As China slows oil purchases for its brimming strategic reserves, unneeded barrels are likely to show up in greater numbers in more data-transparent OECD markets like the U.S. and Europe.
EIA: U.S.-Mexico Energy Trade Drops 21% to $57B Last Year
The value of the U.S.-Mexico energy trade fell to an estimated $57 billion in 2024, down 21% from the prior year and the lowest since 2020, the Energy Information Administration reported Friday (10/3).
The drop was primarily driven by a combination of lower global fuel prices and reduced petroleum output from Mexico. This affected the refined products which make up the largest share of cross-border energy transactions, the EIA said.
Using data sourced from the Census Bureau, the agency said much of the 2024 value constituted U.S. refined petroleum product exports totaling $37 billion.
The inflation-adjusted value of all U.S. energy exports to Mexico fell by 13% last year, settling at $41 billion. While it marked a second straight annual decline, the drop was less severe than the 24% decrease between 2022 and 2023, signaling a moderation in the decline.

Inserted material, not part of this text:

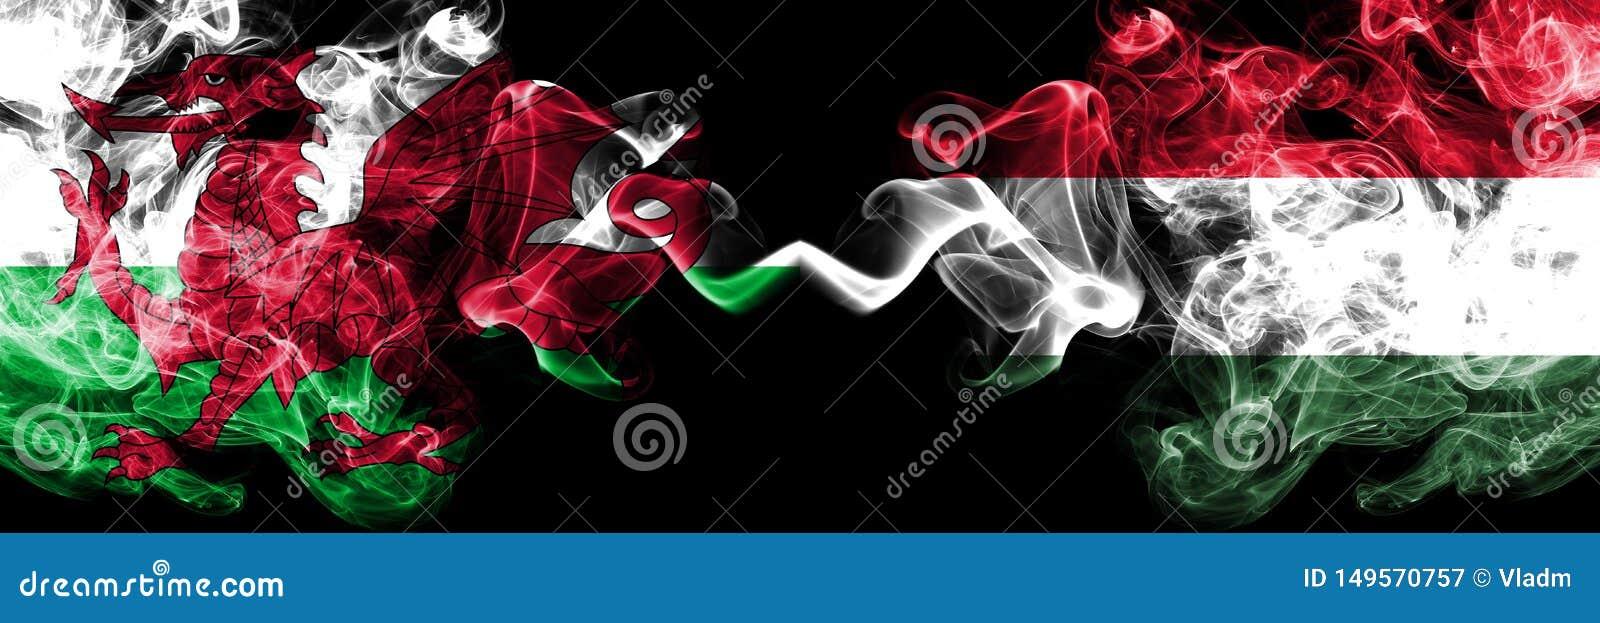 Wels Wales, Hongarije, Hongaarse de concurrentie dik kleurrijke rokerige vlaggen De Europese spelen van voetbalkwalificaties
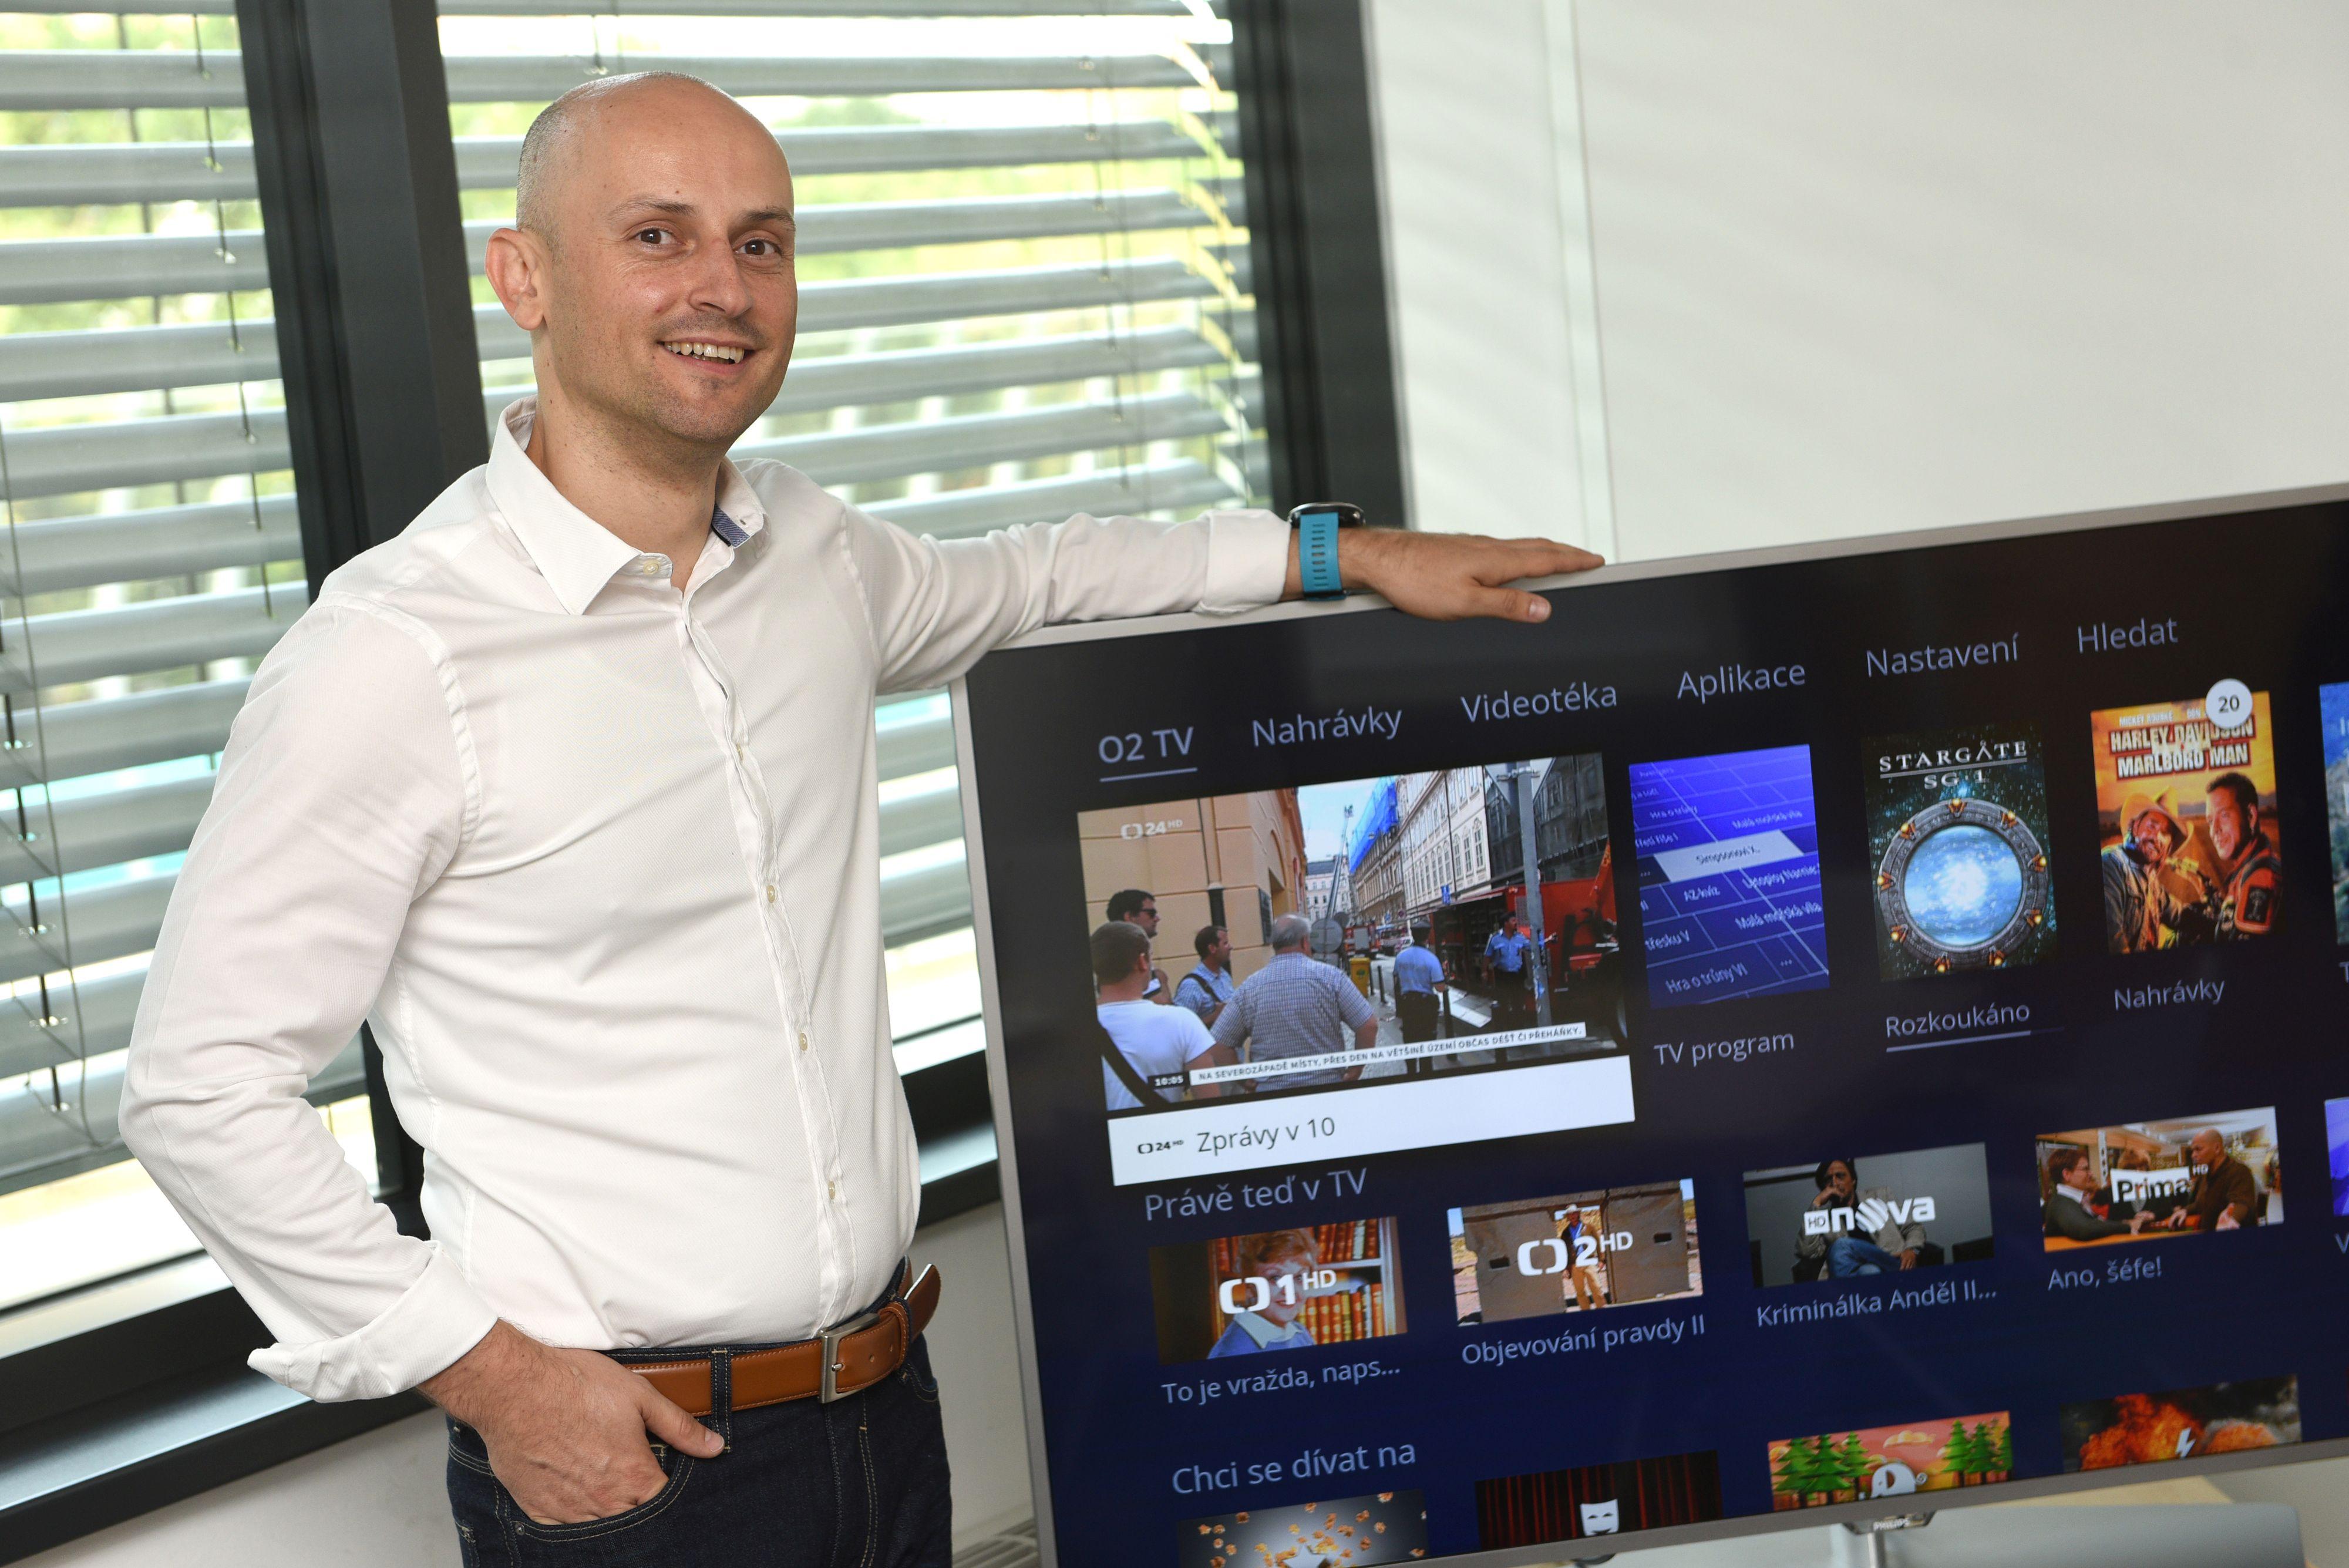 470205b49 Branislav Valo, O2TV: Náš nový set-top box umožňuje příjem Ultra HD i  DVB-T2 | Digital

The inflation-adjusted value of U.S. energy imports from Mexico, meanwhile, plunged by 34% to $16 billion. This was primarily caused by lower crude oil imports, which accounted for 75% of all U.S. energy imports from Mexico during the year.
U.S. crude oil imports from Mexico averaged 464,000 bpd last year, a 37% decrease from the prior, bringing the value of those purchases down 40% from 2023.
The volume of U.S. petroleum product exports to Mexico remained essentially flat at 1.2 million bpd in 2024, decreasing by $4 billion in value to $37 billion.
U.S. natural gas exports to Mexico, primarily via pipeline, increased by 4% to an average of 6.4 bcfd, contributing to the record total U.S. global exports of 21 bcfd. But lower natural gas prices brought the value of the gas trade with Mexico down 31% to $4.2 billion.
Gas shipments to Mexico have continued to accelerate this year, reaching 6.6 bcfd in the first six months, the EIA noted. This increase was attributed to planned North American LNG expansion projects that will utilize U.S.-sourced gas.